Woanders ist auch schön: Ruhrpott zwischen Industrie und Fußball

Eine Tour mit dem Fahrrad von Dortmund via Bochum nach Essen zeigt: Der „Ruhrpott“ ist mehr als nur Bier und Fußball.

Wie Phoenix aus der Asche: Eigentlich ist die Schwerindustrie im Ruhrgebiet seit Jahrzehnten tot. Und doch spielt sie in den Inszenierungen der Künstler, der lokalen Politik, der Fußballer und der schlauen Touristiker noch immer ihre Rolle.

Beim Skywalk in Dortmund zum Beispiel: Da können die alten und teils verrosteten Rohre, Stiegen und Verbindungswege der Arbeiter von Himmelstürmern begangen werden. Sie bekommen unter anderem Einblicke in den ehemaligen Hochofen. Der ist heute ein Denkmal der Industriegeschichte.

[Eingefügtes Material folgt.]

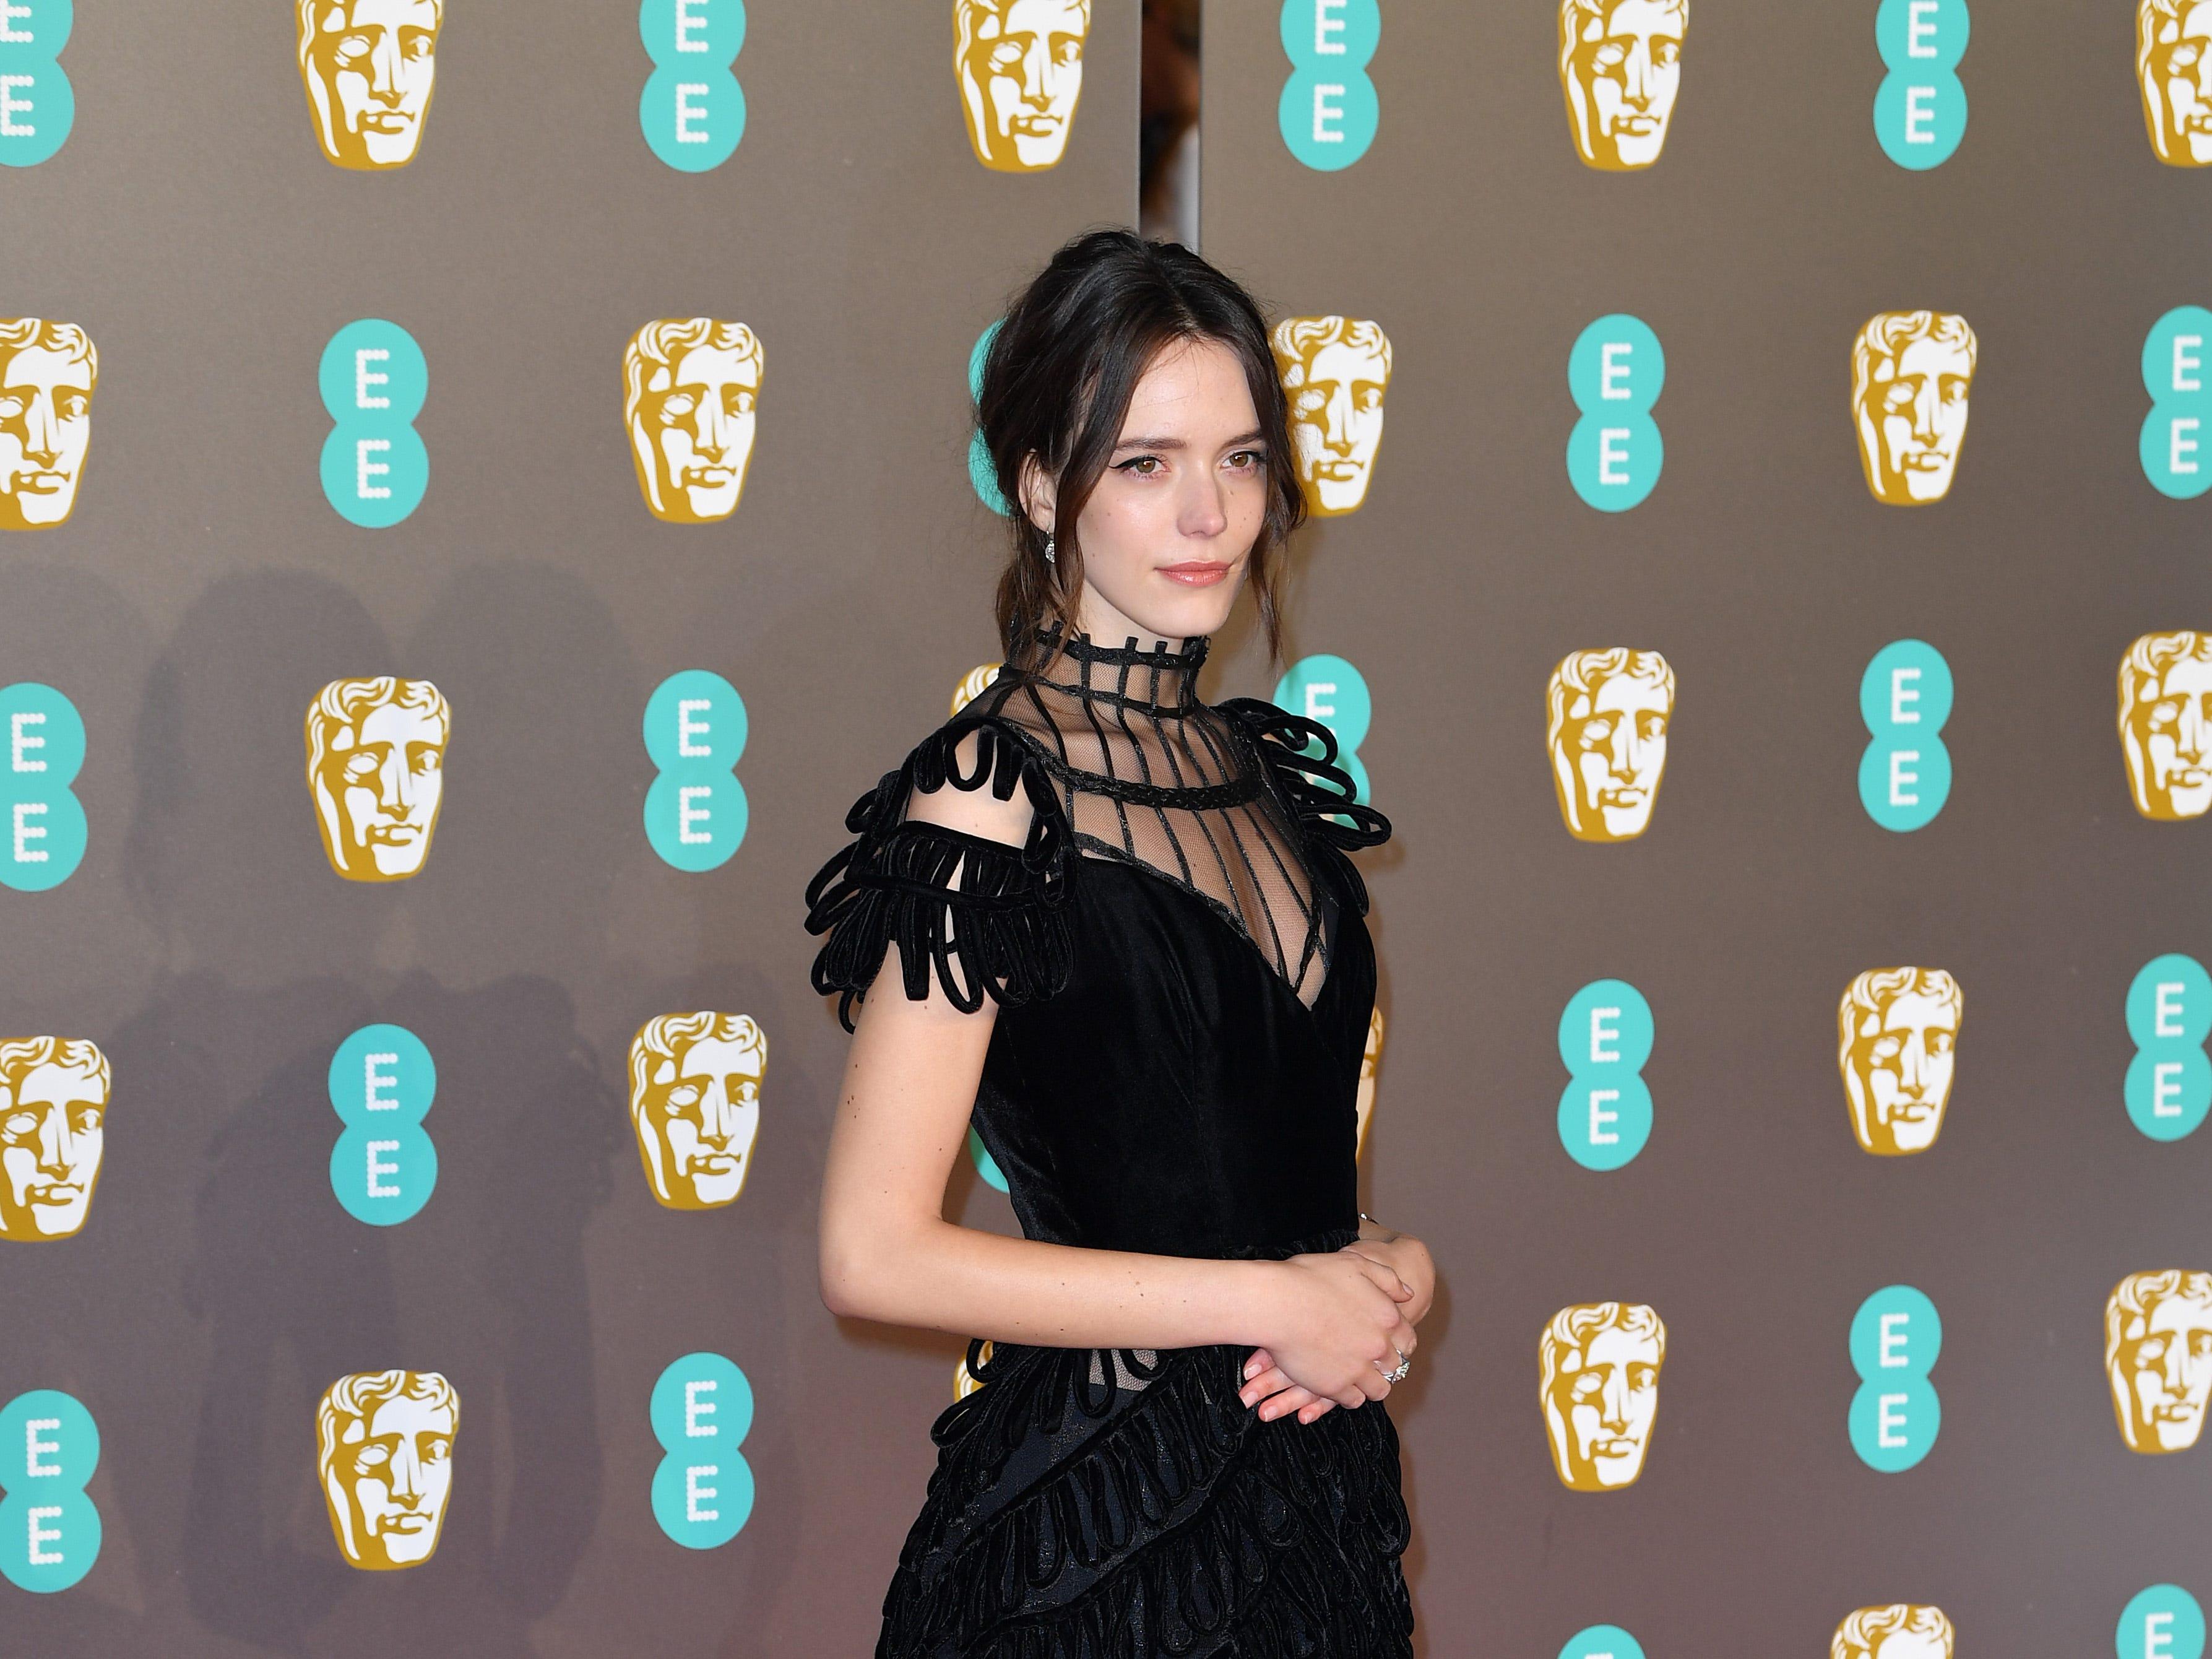 Stacy Martin a su llegada a la alfombra roja de los Premios de la Academia Británica de Cine BAFTA en el Royal Albert Hall en Londres el 10 de febrero de 2019.

Schriftzug #Phoenix des Lumieres vor dem Museum

Schwerindustrie und Bergbau waren einmal: Heute ist in ehemaligen Hochofenwerken Kunst zu sehen – zum Beispiel im Phoenix des Lumières in Dortmund.
 

©Uwe Mauch

Der ältere Mitarbeiter einer privaten Security-Firma erinnert sich, dass er selbst noch eine Schnupperlehre im Stahlwerk absolviert hat, ihm seine Eltern dann aber verboten haben, dort weiter zu arbeiten. Heute ist er froh darüber: „Das ging in den 1980ern den Bach runter.“ Gut erinnert er sich an einen Slogan, der damals geprägt wurde und der die entspannte direkte Mentalität der Menschen im Ruhrgebiet auf den Punkt bringt: „Woanders is auch scheiße.“ Er sei in jungen Jahren aktiver Fan von Rot-Weiß-Essen gewesen: „Rot-Weiß oder Schwarz-Weiß, das war unser Derby, und es war jedes Mal eine Frage der Ehre.“

Was man vor einer Reise in den „Ruhrpott“ wissen muss: Fußball spielt hier eine zentrale Rolle. Wenn nicht der erste, dann dreht sich der zweite Satz um das Runde, das ins Eckige muss, und das nicht nur bei Männern.

Hauptsache Fußball

Jeder und jede hat seinen beziehungsweise ihren Verein. Die Borussia im Süden von Dortmund ist längst abgehoben von allen anderen. Hier ist Fußball die neue Industrie. Alles ist mega: Die Gehälter der Millionenfußballer, die Photovoltaik-Anlage auf dem Dach des Stadions, die Ticketpreise, das Stadion an sich. Es wirkt innen wie außen mächtiger als drei Rapid-Wien-Stadien.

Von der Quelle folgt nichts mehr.